I've heard that some “break”s aren't bad practice. What about this one?

∥☆過路亽.° 提交于 2019-12-12 10:39:07

问题


I have often heard that using breaks in Java is considered bad practice, but after reading some threads on Stack Overflow, I've seen otherwise. Many say that it is acceptable in certain cases.

I'm a little confused as to what is/isn't bad practice in this case.

For Project Euler: Problem 7, I've constructed the code below. The challenge was to find the 10001st prime.

int index = 2, count = 1, numPrime = 1;

while (true) {
    index++;

    if (isPrime(index)) {
        count = index;
        numPrime++;
    }

    if (numPrime >= 10001)
        break;
}

System.out.println(count);

This returns the correct answer (in 21ms), but am I overlooking a serious warning? It's 100% possible to create a while loop without a break, but I find that this is a little easier to follow.

Is the way I use the break; bad practice? I know that there's always a way around using one, but is it really that terrible here?

Many thanks

Justian

EDIT

Here's my isPrime() code. I might as well optimize this while I'm at it.

public static boolean isPrime(long num) {  
    if (num == 2)
        return true;

    if (num % 2 == 0 || num <= 0)
        return false;

    for (long i = 3; i * i <= num; i += 2)
        if (num % i == 0)
            return false;

    return true;
}

回答1:


In this case, it looks to me like it would be easier just to change the while condition:

while (numPrime < 10001) {

That's usually the case when a while(true) loop ends with

if (condition)
{
    break;
}

... although you need to check whether anything else in the body of the loop performs a continue.

Alternatively, you could restructure it slightly:

int current = 1;
for (int i = 0; i < 10001; i++)
{
    current++;
    while (!isPrime(current))
    {
        current++;
    }
}

Then current will be the answer at the end.

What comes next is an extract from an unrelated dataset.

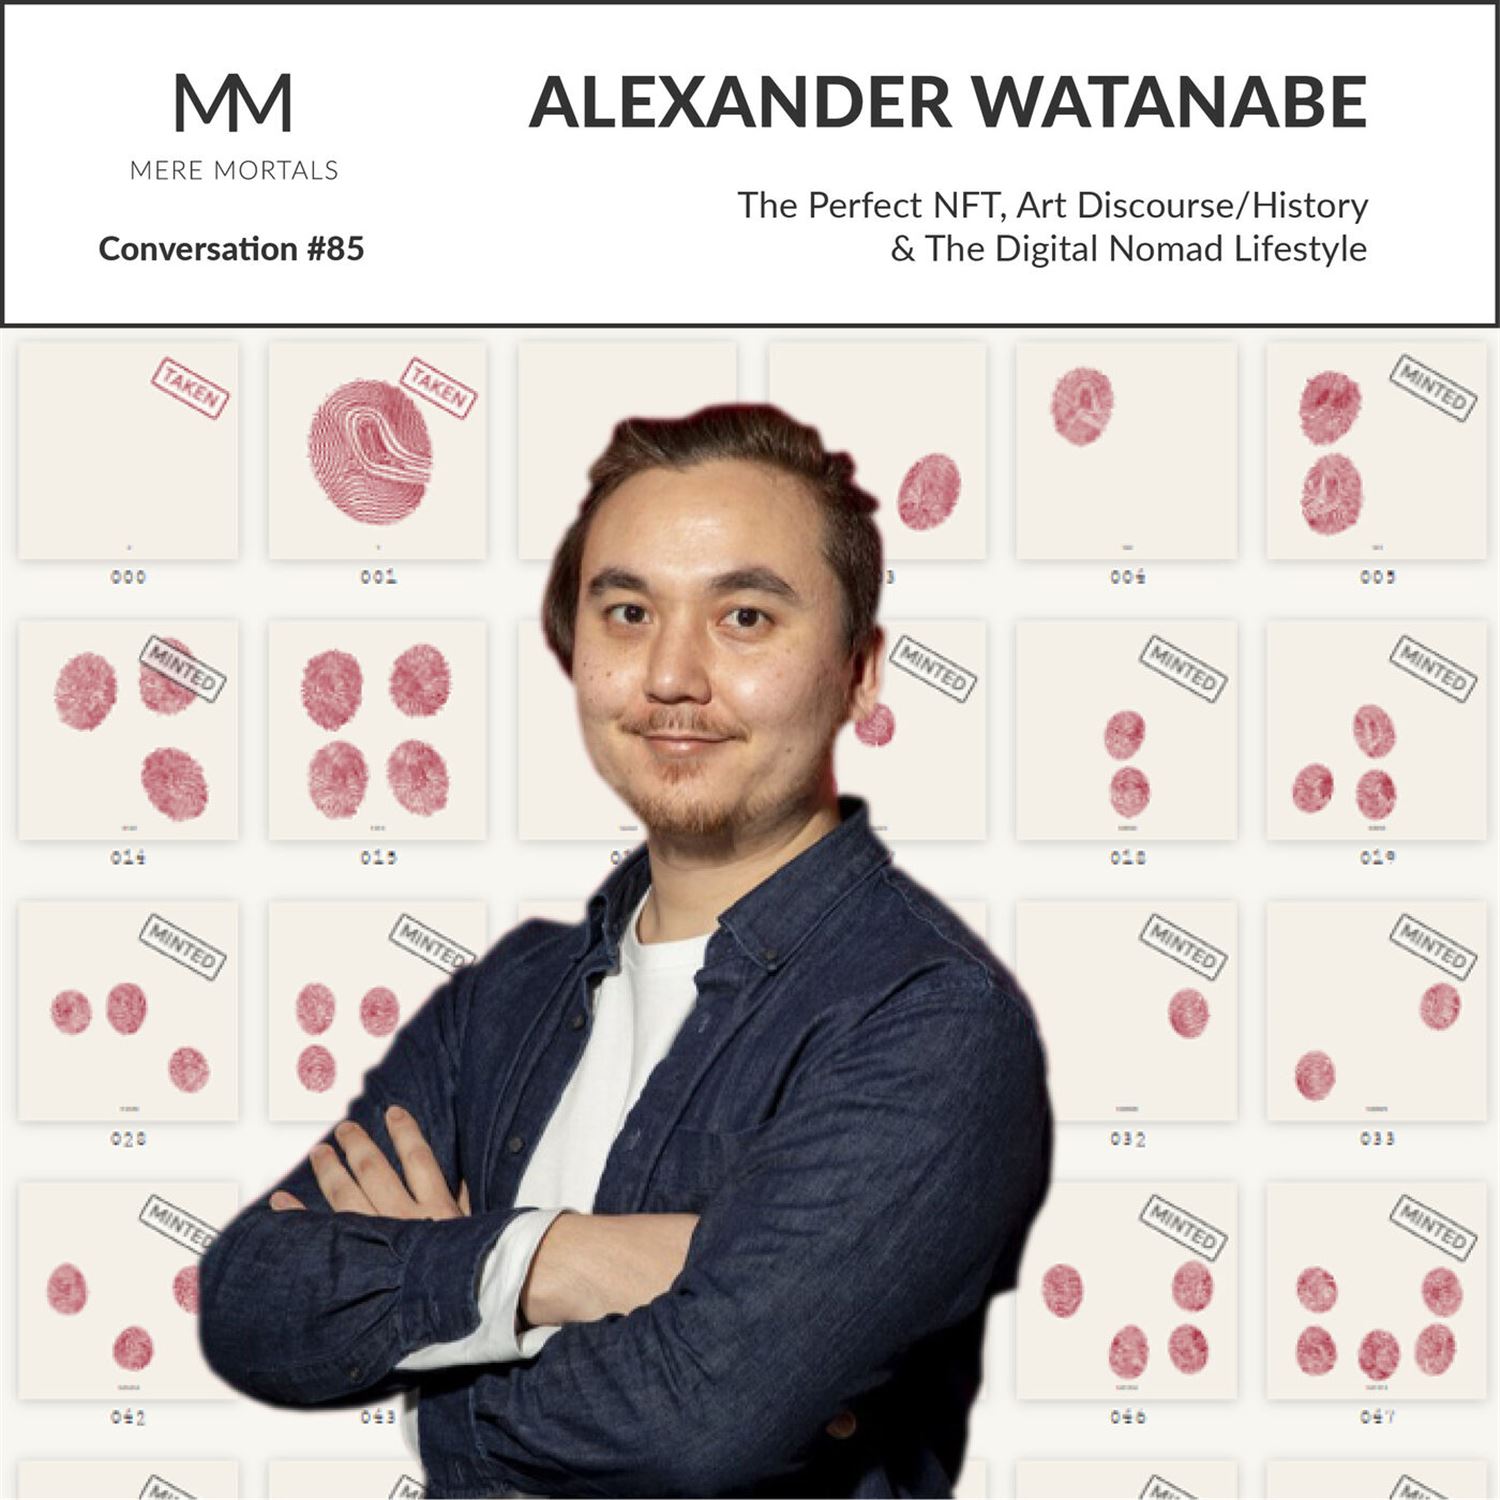 ALEXANDER WATANABE | The Perfect NFT, Art Discourse/History & The Digital Nomad Lifestyle

I generally prefer a for loop over a while loop, when you're trying to do something a particular number of times. In this case the "something" is "find the next prime".

There are various bits of dogma in programming that I feel are taken too far - including "one exit point to a method" and "don't use break." Write code as readably as you can. If you look at some code and feel it's not blindingly obvious what's going on, try to work out other ways of structuring it. Sometimes that's a case of changing a loop; sometimes it's extracting a method; sometimes it's inverting some logic (deal with a negative branch first, possibly exiting early, and then handle the normal case).




回答2:


I'm not sure that breaks in general are bad practice, but I think that this one is.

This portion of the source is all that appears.